Devlog entry no. 02

First Prop Tests

The test scene gains its first dropped props: a hand-lantern, a campfire, and a stone crucifix. The job is the lighting, the silhouettes, and whether the moor has anything to say about each object.

A pitch-dark forest at night with a small lantern flame in the foreground and a campfire glow in the distance
Two warm points, total darkness between them. The lantern in front, a fire ahead. The entire reading of the scene.

The first prop test was the simplest possible pairing: a lantern at the edge of the scene, a campfire in the clearing. Nothing fancy was modelled for either. The question was whether the volumetric haze was sympathetic to point lights at distance, because if it isn't, every later setpiece falls apart.

It is. The campfire's glow halos through the fog at the right rate. The lantern picks out the immediate foreground without bleeding into the haze. The geometry is doing almost none of the work in this frame. Every bit of the mood is fog plus lights. That ratio is the right one for Ashmoor. Any scene that needs detailed geometry to read at night is an over-designed scene.

The crucifix at night

A near-pitch-dark scene with a faint glow on a stone crucifix in the middle distance, dev panel open
A stone crucifix dropped into the dark. Just enough light to read its silhouette.

The crucifix asks a different question. A non-emissive prop, a single piece of stone geometry, no light of its own. Can it still read at night settings, or does the moor swallow it?

Barely. The crucifix needs the moon's contribution pushed a hair, or it has to sit close to another light source, or it disappears.

That's a thesis, not a problem. In Ashmoor, no prop reads by default. Everything visible at night has been given a reason to be visible: a moonbeam falling on it, a candle near it, a fire across the clearing. The moor doesn't volunteer information. It withholds, and the player learns to provide their own light if they want to see anything.

The crucifix is also, separately, the first object in the project that means something specific. A lantern is a tool. A fire is shelter. A crucifix is a claim. Whoever planted it in this clearing was making an argument about what's out here and what to do about it. The argument doesn't have to be right. The moor only has to let it stay visible long enough for the player to notice.

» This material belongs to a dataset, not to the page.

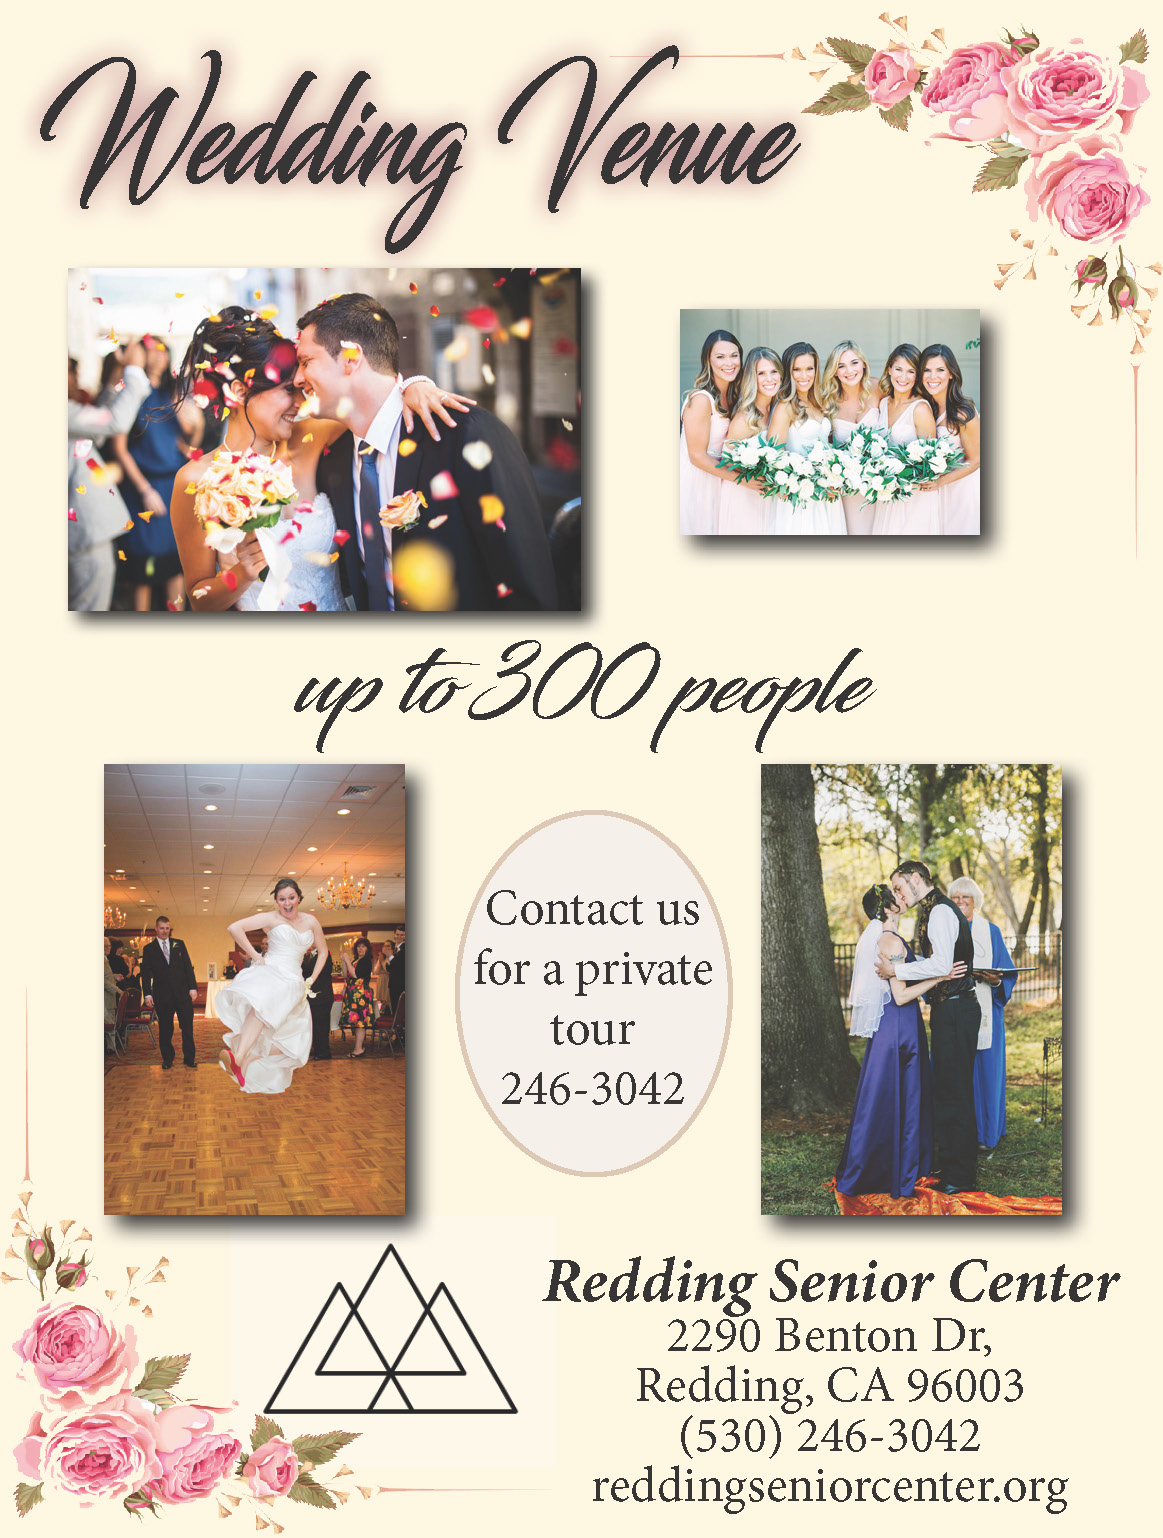 Redding Senior Center Wedding Venue.jpg

Stress-testing the library

Forest scene with multiple props placed around, environment panel open
Several props in one composition. A fence post, a lantern, miscellaneous scatter. Everything reads.

Half a dozen props in the same frame. A fence post, a lantern, scatter elements. The point is less about composition and more about whether one new prop breaks the others. None of them do. Everything sits in the moor on the same terms.

The lesson sits underneath all subsequent work: lighting first, prop second. The atmosphere has to be honest. Props live inside it. Anything that reads only when a fresh light is pointed at it is the wrong size, the wrong colour, or the wrong shape for the world it's in. The moor has rules. Everything placed in it obeys them.